Ron McGregor keeps interrupting himself and nodding at his own points. He talks about the heavy terraforming engine that cleared the local vegetation, removed the biggest obstructions, and wiped out the local pests—these horrible bugs got everywhere and into everything, at first.

Happiest to see Luc is probably Bertram Cargill, an old man who has hair coming out of his ears that matches his fuzzy vest. And open sores on his knuckles and wrists. Cargill took over as the water and soil expert when Luc didn’t wake up, and he found the river that provided irrigation and drinking water, one tributary of which is now a sewer running through Hopetown. Plus the geyser and hot springs that supply heat and geothermal power to their dwellings.

“Geyser,” Luc says at last. “That explains the brain-like furrow pattern I noticed on the ground when I arrived. Soil near a geyser is often highly acidic. Plus those hot springs probably have bacteria living in them, kilometers under the surface, and they could be producing toxins we’ve never even encountered before.”

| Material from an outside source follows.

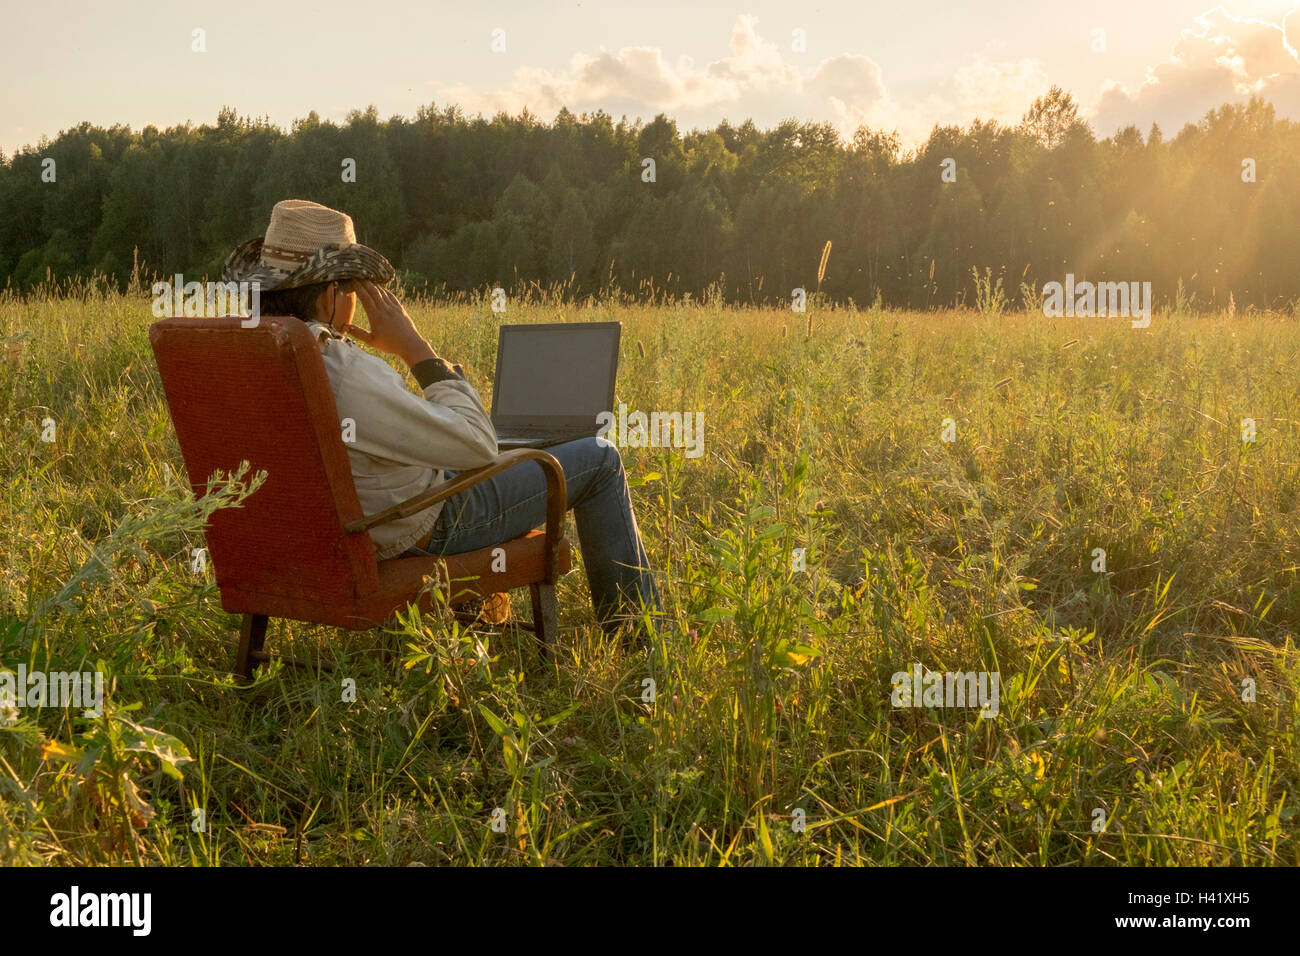 Mari man sitting on chair in field using laptop Stock Photo

Everybody pauses—even McGregor—waiting for Luc to finish his thought. “The mystery here isn’t why the soil stopped being fertile,” he says. “It’s why it ever was.”

Luc catches up with Sasha, who’s hanging around the edge of town, basking in her heroism. Everybody in the world has been patting her on the back, and she’s got a crowd of other kids standing around listening to her triumphant narrative of how she cobbled together a new wake-up circuit out of spit and dead branches. The kids are all Sasha’s age, give or take—chances are, nobody’s wanted to have children in this colony, since the food started running out.

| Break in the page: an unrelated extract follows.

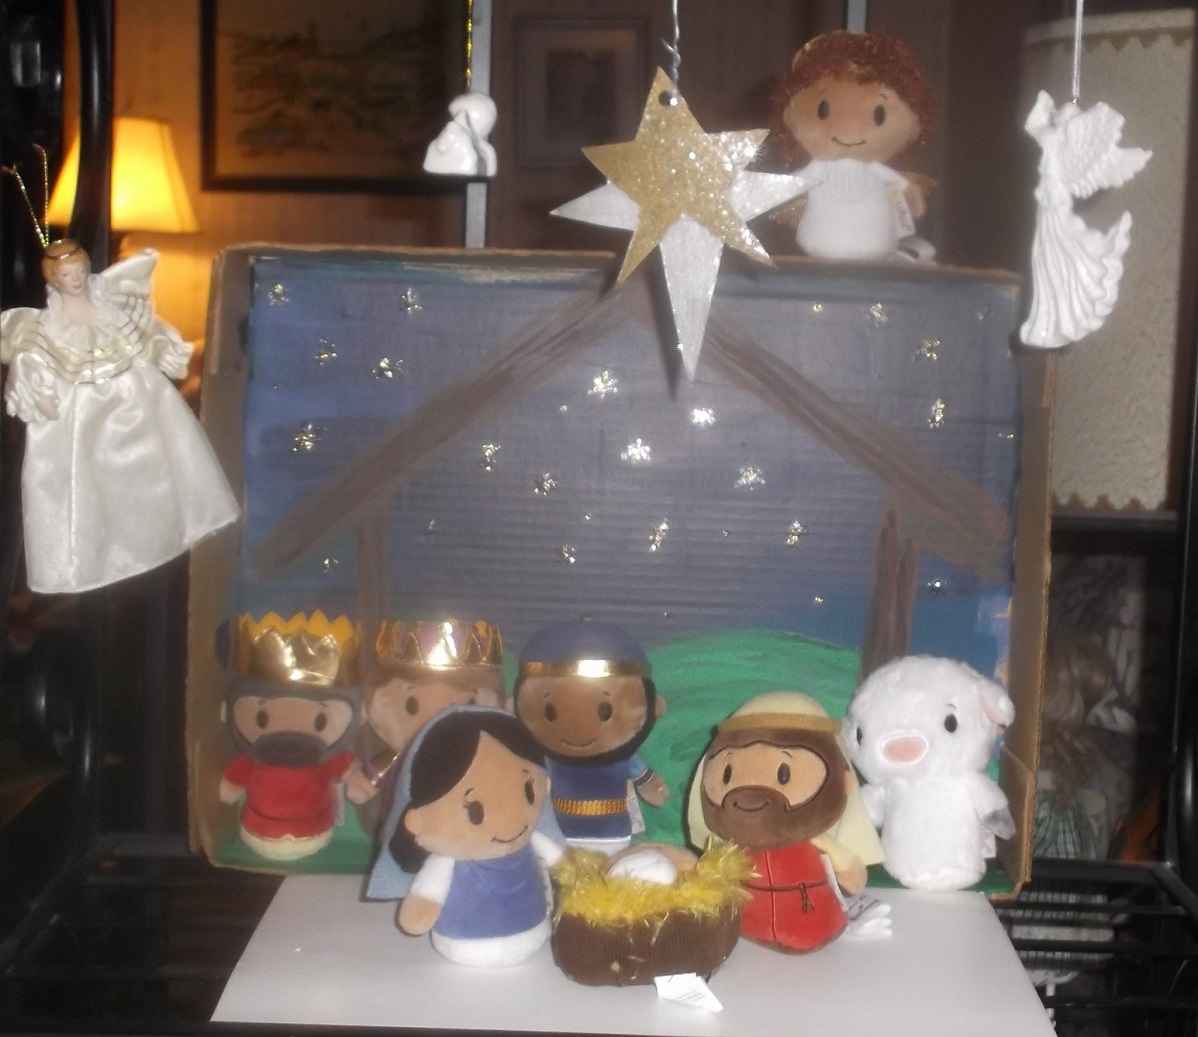 Nativity set up last year

“Hey,” she says. “How did it go? Want to meet my mom? She’s dying to meet you.”

They walk toward the edge of Hopetown, the opposite direction from the hut where Luc woke up. He’s going to need some shoes, or better yet boots. Along the way, he sees plenty more emaciated people shuffling like the living dead, with tiny punctures in their arms. Even amongst the starving people with hair like dead grass and skin like bedsores, the addicts stand out.

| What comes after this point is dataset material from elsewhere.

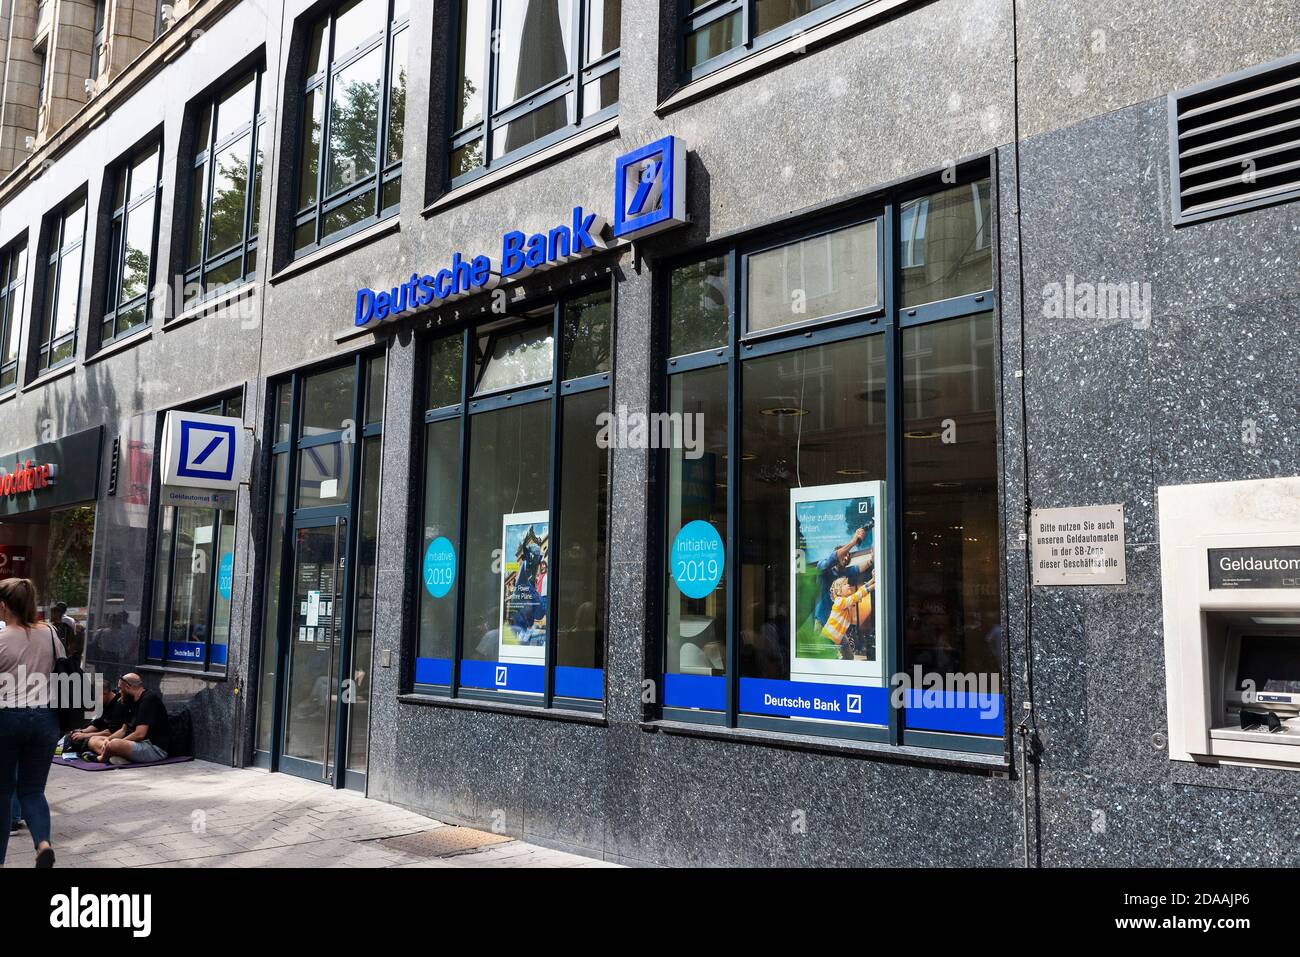 Hamburg, Germany - August 23, 2019: Facade of a Deutsche Bank branch office with people around in Spitalerstraße, shopping street in Altstadt quarter, Stock Photo

“Tell me about the drugs,” Luc says when they’re far enough away from the center of town, where the ramshackle huts are spaced further apart.

“I don’t use them,” Sasha says, shrugging even as she swings her arms mid-stride. “I’m not that dumb.”

“Good for you,” Luc says. The exhaustion and strain are catching up with him, and he’s about to keel over. He’s famished, too, which means he’s becoming a real citizen of Newfoundland.

“Every now and then, Hoffman’s peacekeepers turn the town upside down, looking for the source. She gives speeches. And they’ve actually executed a few drug-dealers, just beheaded them. But you gotta understand, we’ve been starving a long time. People need something to distract them from the inevitable.”

“Even here.” Luc is clenching his fists, staring at the worry-lined earth. Not dirt. Dead microorganisms. “Even here. Goddamnit.”

“From what I hear, they have a recipe,” says Sasha. “The ship’s engine still had a lot of coolant left over after landing, and they siphoned everything out of the cryo-units, except yours, of course. Plus some fungi that grow on the coast have hallucinogenic properties, in very tiny doses. They trade it for food rations, or bits of Earth clothing and personal items.”

A few weeks of the year, the nearest continent cools down enough for humans to travel there and do some big game hunting. But the last expedition never made it back, and the colony won’t survive long enough to make another hunting trip, Sasha says.

Sasha’s mother is a cheerful, leather-faced woman named Clarissa, with curly hair that was probably dirty blonde but has gone platinum thanks to the unrelenting sun. She insists that Luc sit down at her dining-room table, which is made of that same rock as the table back in the conference room. She gives him some of her dead husband’s clothes, including a decent pair of boots that made the trip from Earth. (Luc’s own personal effects from Earth were stolen years ago.) Like every other adult here, her tongue is swollen, making her diction hard to understand at first. She fusses over Luc, feeding him a watery stew with some tough roots in it. Then she insists that Luc should rest—there’s a kind of hammock in the front room of the four-room house, that he can sleep in.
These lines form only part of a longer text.